With 4,546 manmade pieces of machinery and debris whizzing through space in every direction, it was probably inevitable that one would go astray and become what Zbigniew Brzezinski yesterday called a little "Space Age difficulty" - an unguided craft headed home to Earth.

And it was probably just as inevitable, in this day and age, that first to spot the problem was a computer.

That discovery was made in early December deep inside Cheyenne Mountain in the Colorado Rocky Mountains where the North American Air Defense Command maintains a computerized watch on every item floating in space.

Cosmos 954. NORAD's name for the errant Soviet satellite - one of 939 working, satellites now in space - began losing speed and altitude faster than expected. The change triggered a warning in the NORAD computer and the military alerted the Central Intelligence Agency and other intelligence agencies.

Exactly when NORAD learned something was wrong is a classified intelligence secret, military officials maintained yesterday, although schoolboy ham radio operators in Europe who were tracking the Soviet satellite's radio emissions apparently were in on the secret almost from the start.

"It's been quite well known among ham radio operators for some time," Leonard David, head of the Forum for the Advancement of Students in Science and Technology said yesterday. David said his Washington-based group got a telegram from the European ham operators about the satellite's problems last week - before the United States formally notified members of the North Atlantic Treaty Organization, Japan, Australia and New Zealand.

In military jargon, Cosmos 954 was "de-orbiting": spinning closer and closer to earth with a potentially lethal nuclear cargo.

The problem, military officials said yesterday, was that despite the computer's ability to forecast a possible reentry route for the satellite, no one could tell pricesly where it would go once it struck the relative density of the Earth's atmosphere.

The officials compared the situation to that of a stone hurled into a calm lake. Sometimes the stone skips across the water and sometimes it follows its original trajectory and goes straight down.

"We knew where it was going to land at 6:53 a.m. a when it hit the atmosphere," said a Pentagon spokesman. "Before that it could have gone anywhere in the world."

The Canadian Ministry of Defense, which is part of NORAD, was offered two choices spelling out the dimensions of the problem. The renegade satellite, the Cauadians were told, might hit in the far north of their country - or it might come down in the South Atlantic.

Brzezinski said yesterday that the White House was notified of the problem by U.S. intelligence officials in late December. Other senior officials said, however, that at the time U.S. intelligence specialists were still hoping that the Russians had a fail-safe device on board Cosmos 954 that would hurl it off into space if the problem couldn't be corrected.

That hope was dashed Jan. 6 when the satellite became "sharply depresurized." U.S. experts, by then tracking the craft closely saw the inevitable fate of Cosmos 954.

"What they (the Russians) were saying was that it had stopped working and they were no longer in control," a U.S. official said.

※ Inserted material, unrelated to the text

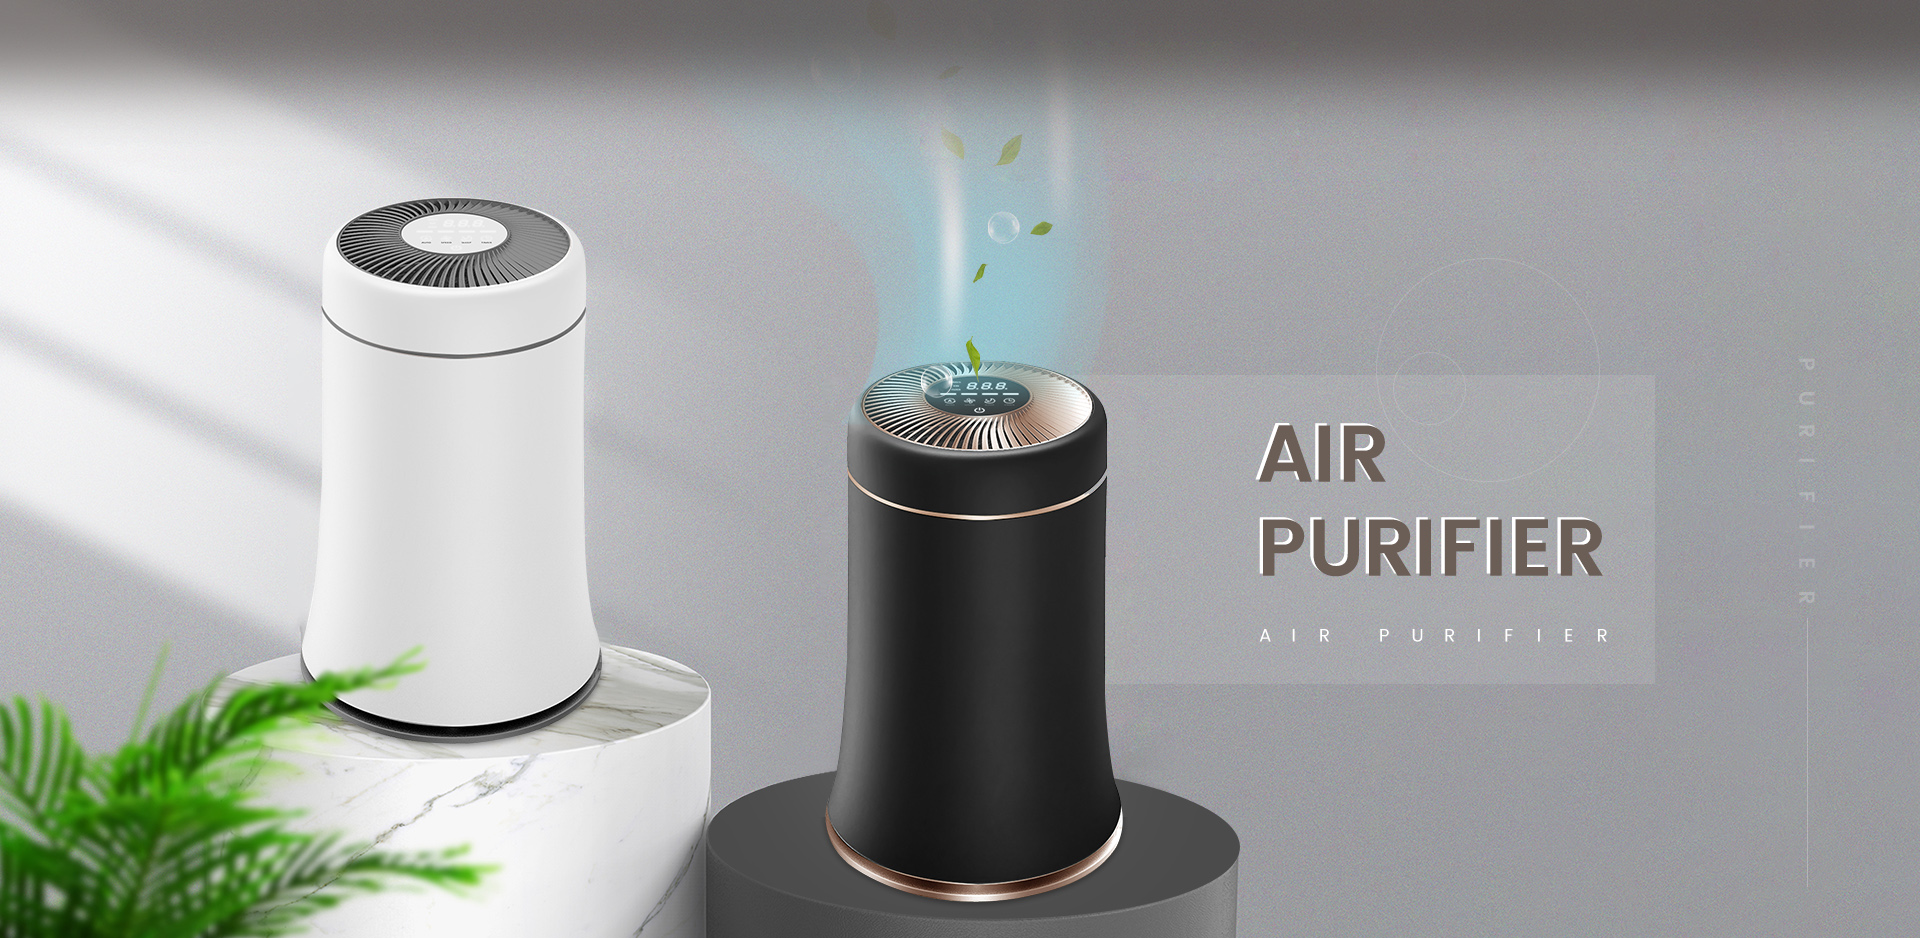 Why many people recommend you to buy an air purifier？

Brzezinski and a small committee of top administration officials began meeting almost daily after that in the Executive Office Building office of Benjamin Huberman, a National Security Council staff member designated to head the group. Analysts told them the risk to life from the satellite crashing to earth was "negligible."

Brzezinski, meanwhile, began communicating with Soviet Ambassador Anatolly Dobrynin. On Jan. 12, he said, he sent Dobrynin a message expressing the President's concern that "if the debris fell near a populated area there could be a serious hazard to the public."

The Soviets responded through Dobrynin two days later in a reply that Brzezinski described as "somewhat reassuring but not fully satisfactory."

Brzezinski sent another message asking for reassurance that if the satellite came down it would not cause a nuclear explosion. That information, he said, was conveyed by Dobrynin Jan. 19.

With that, U.S. and Canadian officials began to count down to the satellite's re-entry and prepare for possible nuclear contamination problems. White HOuse officials notified a number of friendly nations of the problem and briefed several congressional leaders.

"The real wonder is that it never leaked," said a White House official yesterday.

Just before the sun came up yesterday seven U.S. planes loaded with radiation decontamination equipment were standing by at air bases around the country - including one C-141 at Andrews Air Force Base. The Canadians had additional 22-man "nuclear accident standby crews" waiting as the satellite came streaking closer.

By 6:57 it was all over.The "Space Age difficulty" ended up as a spectacular celestial show for the handful of those around to watch. In Yellowknife, 850 miles north of the U.S. border, Canadians unaware of what was happening gaped at the rain of fireballs sweeping across the sky as the satellite disintegrated.

"All of the pieces were bigger than shooting stars," said Marie Runman, on her way to work in the predawn darkness. "As it was disappearing the main piece turned bright red," she marveled. "It was just fantastic."